In the context of Afghanistan where the conflict is on-going, however, this balancing act become that much more complex since development and humanitarian assistance are inextricably linked with the military objecitves of the United States and its NATO allies. This nexus between security and development means that short-term security objectives may trump short-term and especially long-term development objectives.
In other words, there is an inherent tension between the need to provide quick development projects that can "win the hearts and minds" of the popualtion which is central to the COIN effort and the need to craft long-term, sustainable development.
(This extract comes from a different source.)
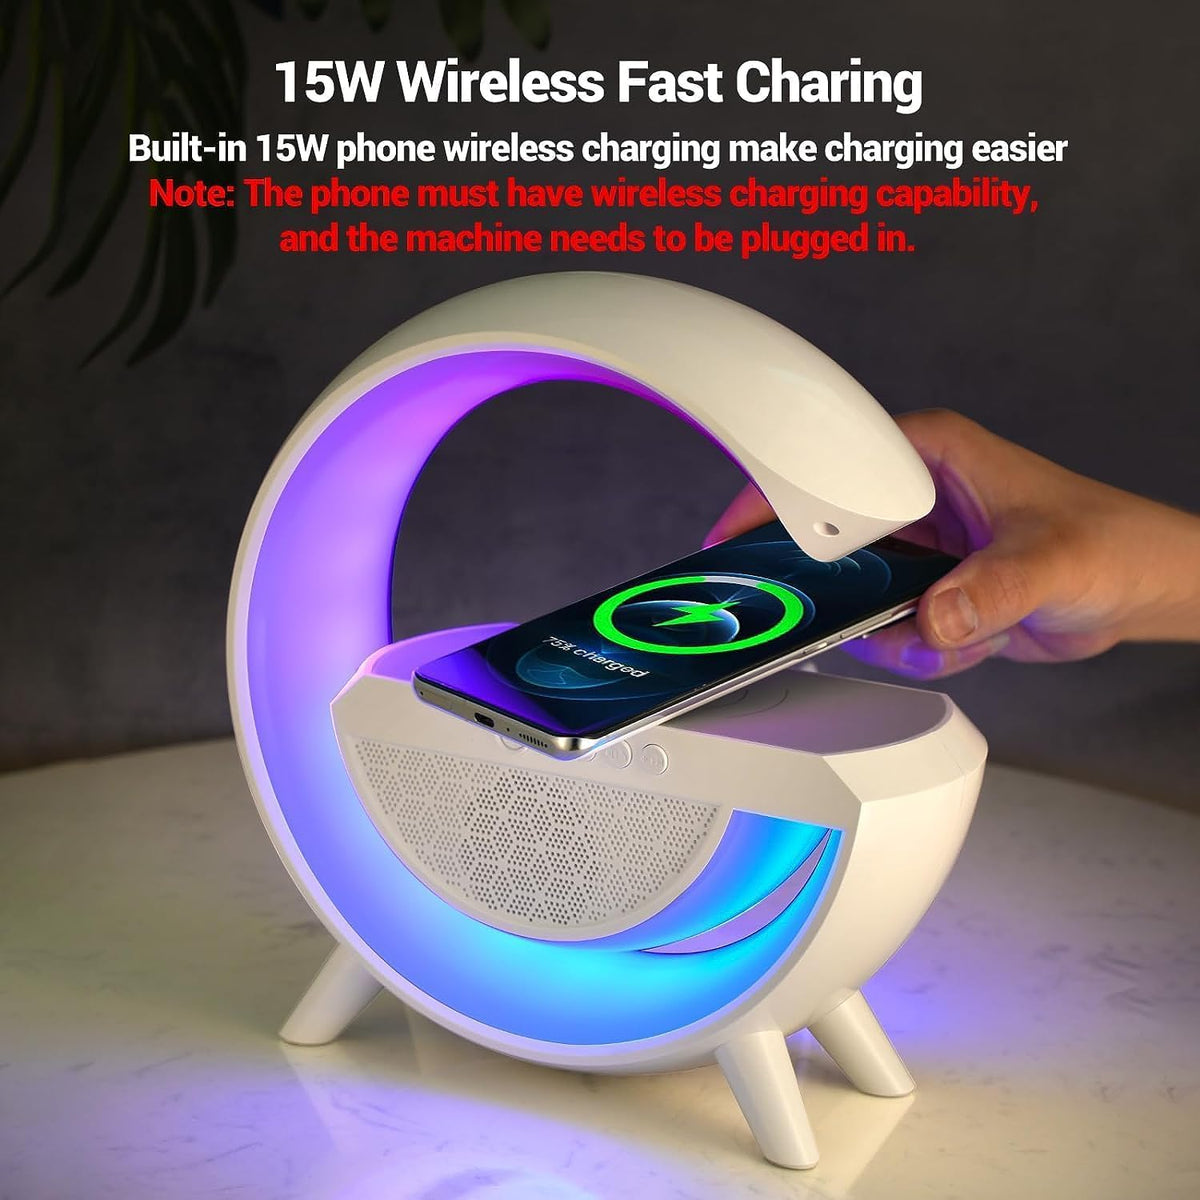 "Transform Your Space: G-Shape Multifunctional Wireless Charger Speaker - 15W Fast Charging, Atmosphere Lamp, FM Radio, Bluetooth, RGB Music Sync, Ideal for Bedroom Ambiance!"

This paper, argues that a key challenge that COIN efforts will face is how to draw on the best practices of development and post-conflict reconstruction work that point to key role that local capacity-building and lccoal owership of development efforts in ensuring sustainable development. Despite the existence of these best practices, translating this knolwedge into effective programming in post-conflict reconstruction has frequently not met the expectations of the local communities. All to often, reconstruction, reconciliation, and peace-building projects have been designed and implemented by international donors in ways that reflect their priorities, preferences, and values rather than those of local communities. As a consequence, local communities do not always feel that they have been sufficiently consulted during the process of design and implementation. Without such consultaitons and community input, many projects, however, well-intentioned, remain alien and disconnected from the needs and realities of ordinary people. By examining public opinion data from Afghanistan, this paper argues that in a case like Afghanistan, where the development process is so closely linked to miltiary objectives, this lack of local ownership of development is even more pronounced. This in turn has deteriminetal impact on launching sustainable development programs.